Ketika musik bertemu politik, pesan yang disampaikan sering kali lebih dari sekadar hiburan, selalu dan lagi-lagi punya kepentingan di baliknya. Lagu "Oke Gas" yang menjadi bagian dari kampanye politik pasangan Prabowo Subianto dan Gibran Rakabuming, adalah bukti bagaimana seni menjadi alat pembentukan wacana. Melalui pendekatan dekonstruksi Jacques Derrida, kita dapat menggali lebih dalam tentang makna di balik lirik tersebut, terutama mengenai ambiguitas makna dan oposisi biner yang mungkin tersembunyi. Musik, sebagai produk budaya, memiliki kekuatan besar dalam membangun imajinasi sosial dan politik. Namun, Derrida dalam konsep dekonstruksinya berpendapat bahwa teks tidak pernah memiliki makna tunggal karena sifat bahasa yang cair dan sarat kontradiksi (Derrida, 1976). Hal ini membuat lirik lagu seperti "Oke Gas" menjadi subjek yang menarik untuk di-dekonstruksi, guna mengungkap ambiguitas dan pertentangan tersembunyi di dalamnya. Dekonstruksi adalah metode filosofis yang mempertanyakan interpretasi teks atau sejarah yang bersifat dominan atau konvensional, serta menolak gagasan tentang kebenaran yang absolut atau tunggal. 
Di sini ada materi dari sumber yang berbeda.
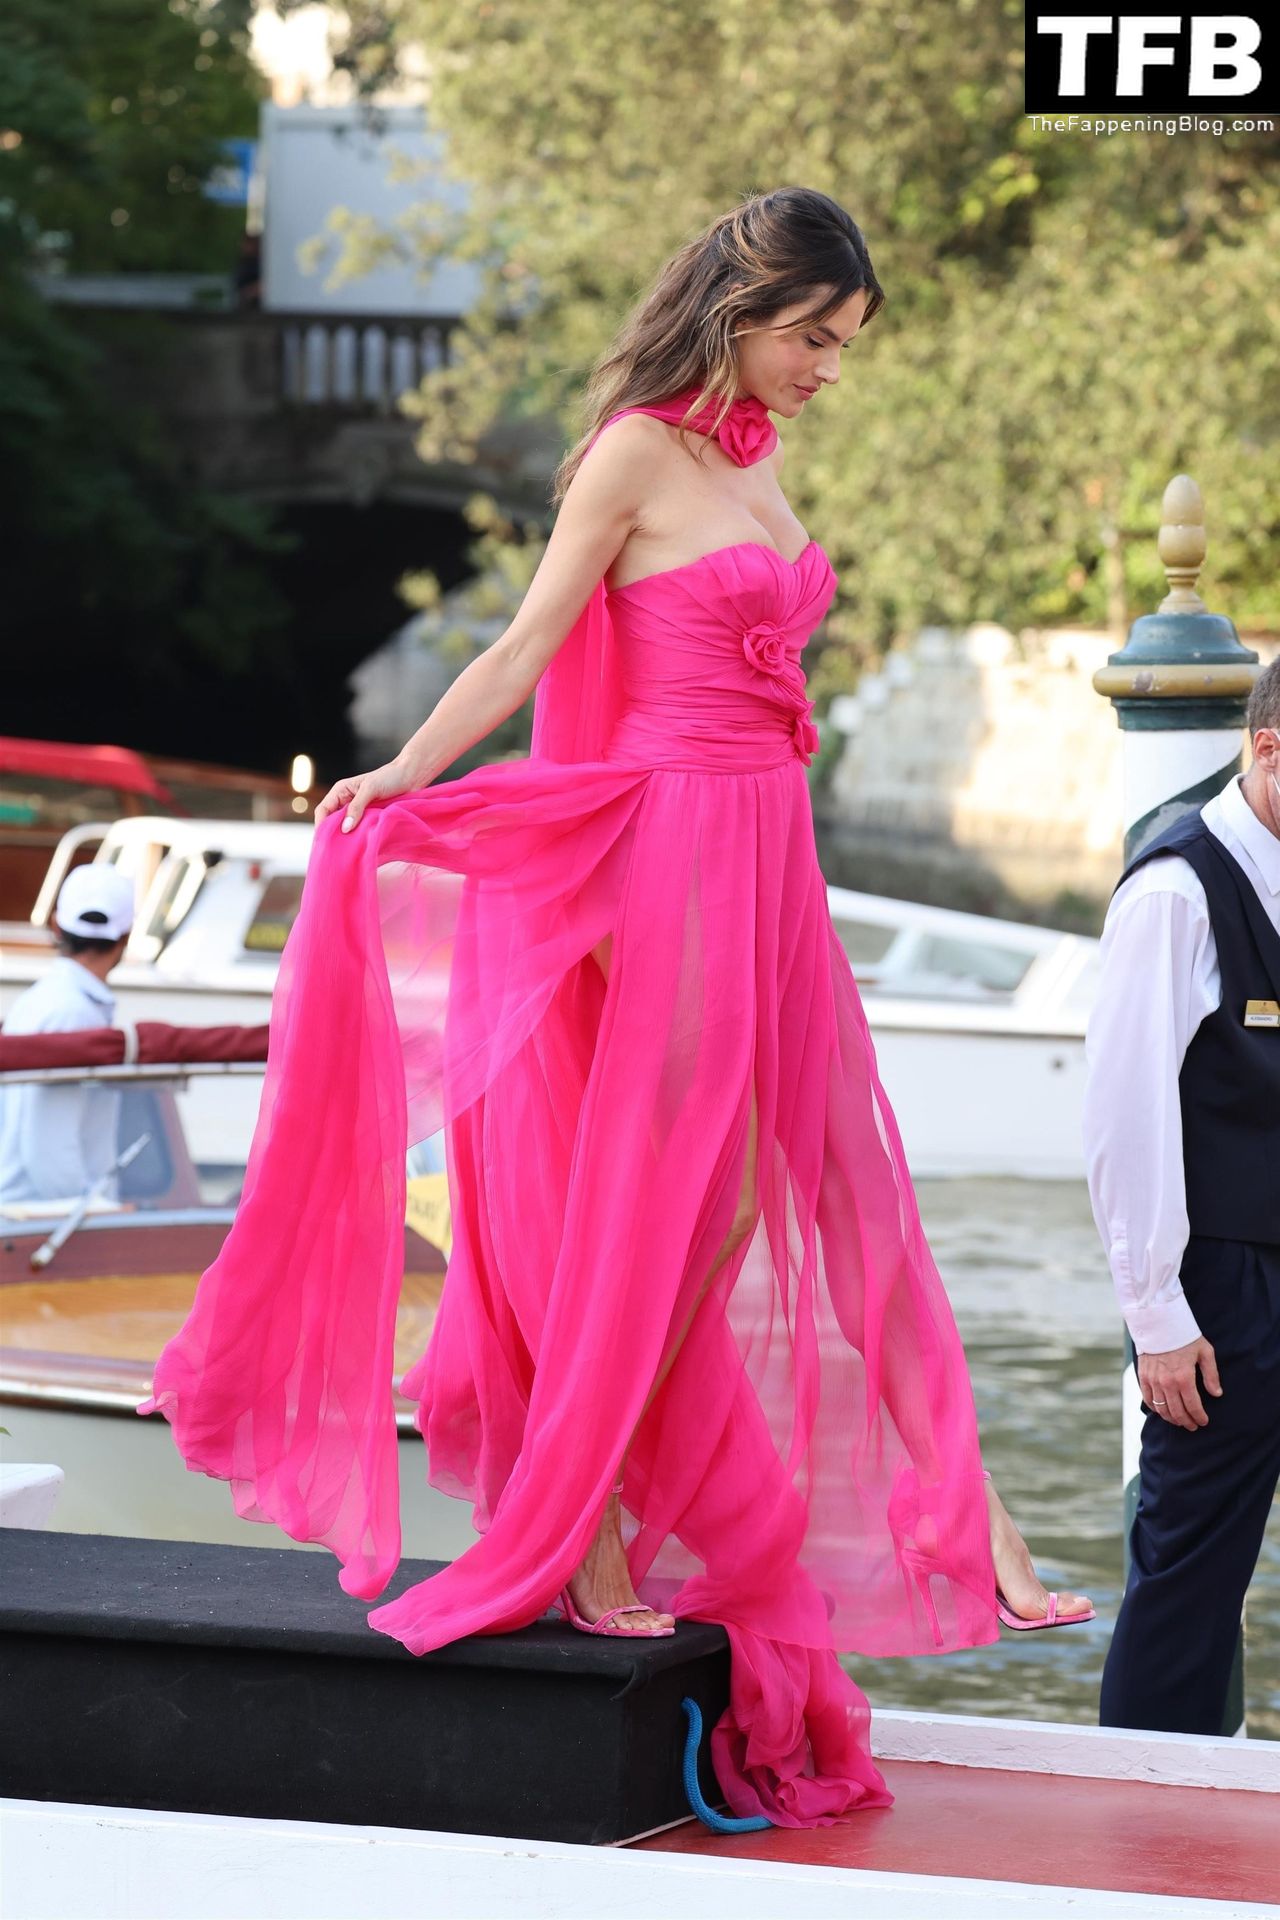 Alessandra Ambrosio Looks Stunning at the 79th Venice International Film Festival (152 Photos)

Selain sebagai perspektif filosofis, dekonstruksi juga mencakup gerakan akademis dan politik yang pada prakteknya menambah kerumitan dalam membedakan berbagai alternatif yang tersedia (Benjamin, 2013). Proses ini berfokus pada membongkar suatu hal ke dalam komponen-komponennya untuk memahami maknanya secara mendalam, terutama ketika terdapat perbedaan atau penyimpangan dari penafsiran yang telah ada sebelumnya. Singkatnya, Dekonstruksi oleh Derrida, adalah metode untuk membedah teks, membongkar struktur dan hierarki maknanya. 
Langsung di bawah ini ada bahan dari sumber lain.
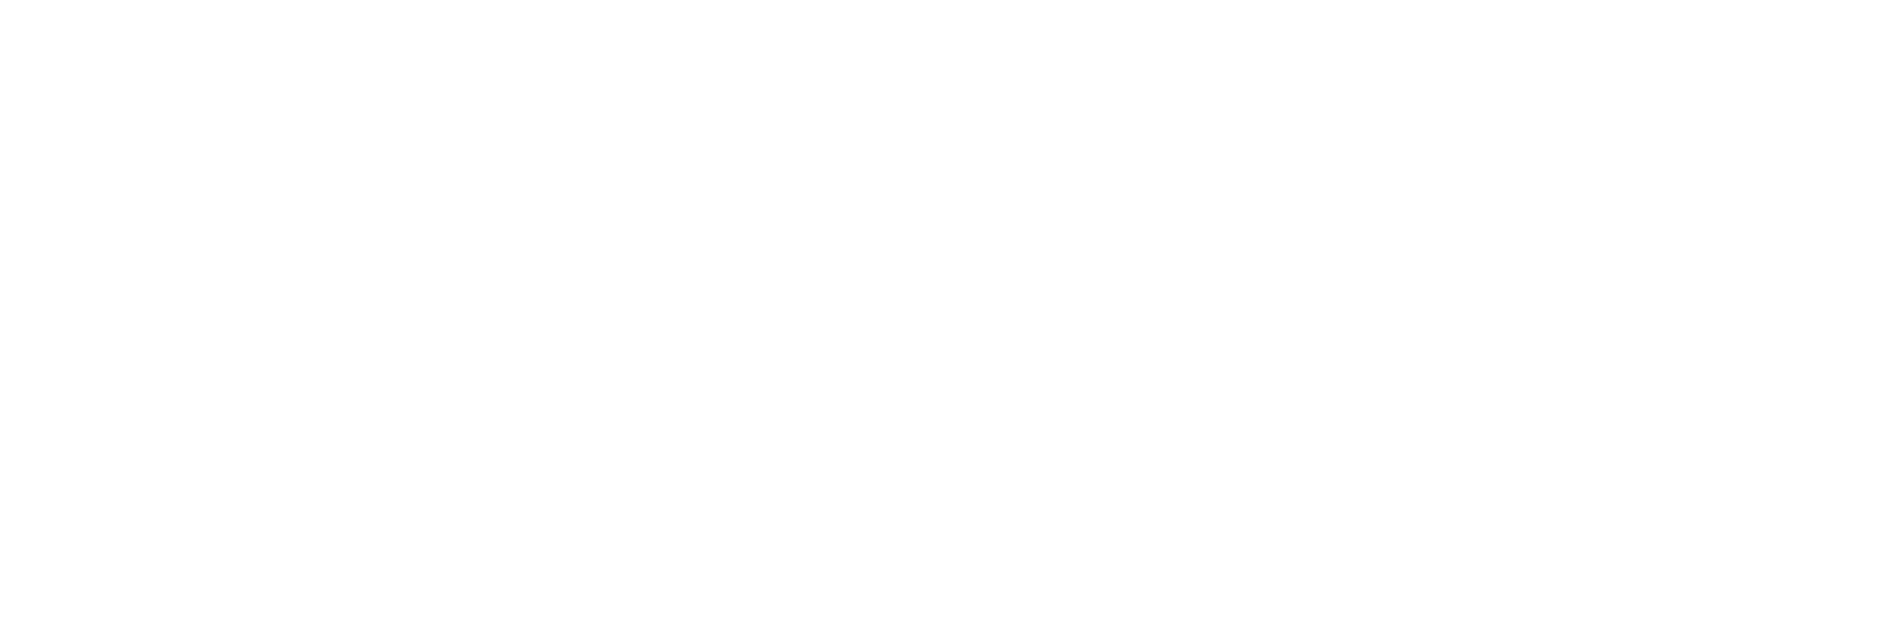 The Funky Red Pandas logo

Dalam konteks lagu kampanye politik, pendekatan ini relevan karena bahasa dalam politik sering kali digunakan untuk menciptakan narasi tertentu yang mendukung kekuasaan atau tujuan ideologis. Pemikiran Derrida berpusat pada gagasan bahwa bahasa bersifat tidak teratur dan maknanya selalu berubah, sehingga tidak mungkin untuk menetapkannya secara pasti. Dengan demikian, makna dianggap tidak stabil, tidak pasti, sementara, dan terus mengalami penundaan. Dekonstruksi sendiri adalah pendekatan intelektual yang berakar dari pandangan postmodern (Mendie and Udofia, 2020). Bahasa, menurut Derrida, memiliki sifat diferensial---selalu menunda makna final. Hal ini karena kata-kata dalam teks bergantung pada konteks yang terus berubah (Derrida, 1976). Dalam kasus lagu "Oke Gas," lirik yang tampaknya sederhana dapat menyimpan berbagai lapisan makna dan kontradiksi, yang mencerminkan realitas sosial dan politik yang kompleks.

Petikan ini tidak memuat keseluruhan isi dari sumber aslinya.